[Poll] The sending of crash data

We will be including crash reporting soon. The way it will work is that when a crash (“panic” usually, in Go parlance) is detected the Syncthing version and backtrace is reported to some server, where it’s stored and aggregated. The data that will be sent looks like this:

07:48:24 INFO: syncthing v1.1.4 "Erbium Earthworm" (go1.12.5 darwin-amd64) teamcity@build.sycnthing 2019-05-21 20:36:38 UTC
Panic at 2019-05-22T07:48:25+02:00
panic: interface conversion: *pfilter.FilteredConn is not net.Conn: missing method Read

goroutine 106 [running]:
github.com/syncthing/syncthing/lib/connections.(*quicListener).Serve(0xc000158000)
        github.com/syncthing/syncthing/lib/connections/quic_listen.go:74 +0x41b
github.com/thejerf/suture.(*Supervisor).runService.func1(0xc0001c6690, 0xc000000000, 0x54b4728, 0xc000158000)
        github.com/thejerf/suture@v3.0.2+incompatible/supervisor.go:600 +0x47
created by github.com/thejerf/suture.(*Supervisor).runService
        github.com/thejerf/suture@v3.0.2+incompatible/supervisor.go:588 +0x5b
... more of same gibberish

That is, it does not include any log data, user or other metadata, nor the ID of the sending machine. Excluding that data makes it somewhat less valuable for us, but I think we’ll be OK.

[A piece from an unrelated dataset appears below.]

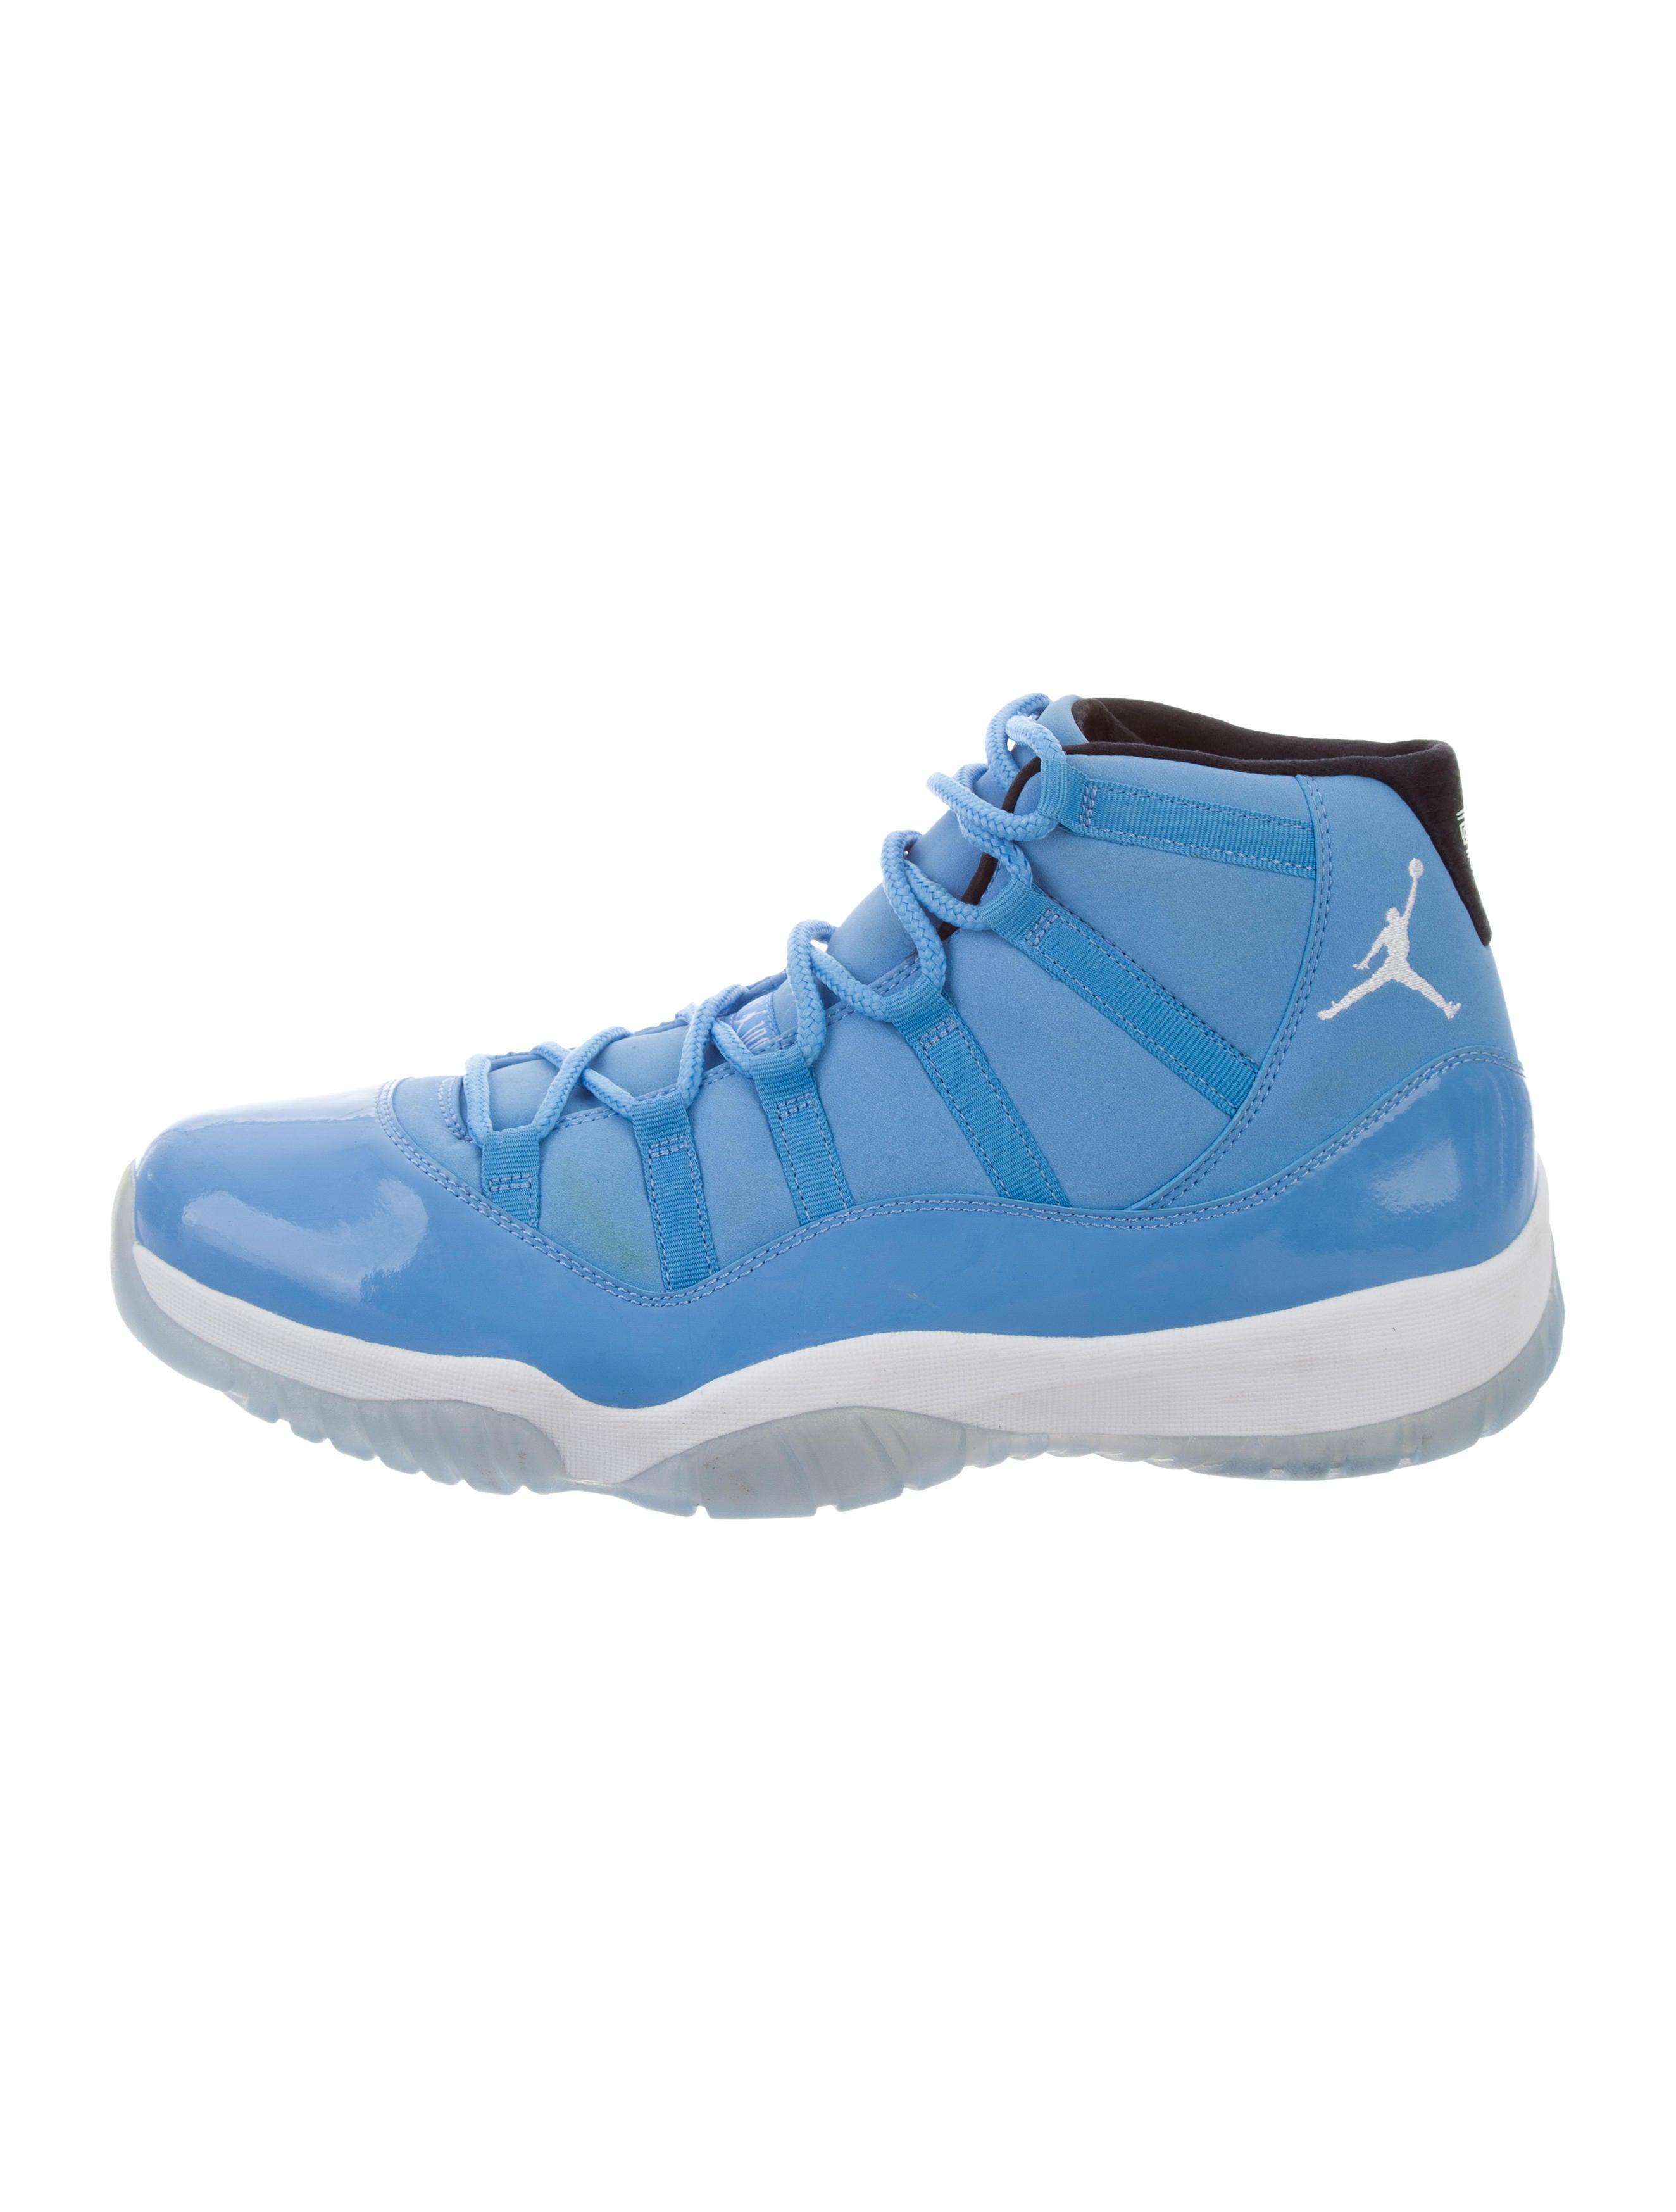 6ab6878cc7a3 ... australia nike air jordan 11 retro pantone sneakers. 11 retro pantone  sneakers 01dcb 86f4d

All in all this means sending us less data than global discovery does, which is a feature that is enabled by default. Given that, how do you reason around having this enabled by default or not? Not having it enabled by default means we will lose lots of panic reports, so will be less likely to fix those bugs.

  • Enabled by default is fine; the very privacy conscious can disable it like they must global discovery
  • No, this must be explicitly opt-in, because …

0 voters

Feel free to explain your thinking below. :slight_smile:

3 Likes

I think it is best to ask user (like usage reporting) during next update

Why?

I have no objection to its being enabled by default. It’s the sort of thing which can lead to misunderstand with people who are, shall we say, abundantly cautious, so it and its rationale should probably be clearly documented, though.

I think we will have a one off notification like we had with filesystem watching that has to be dismissed.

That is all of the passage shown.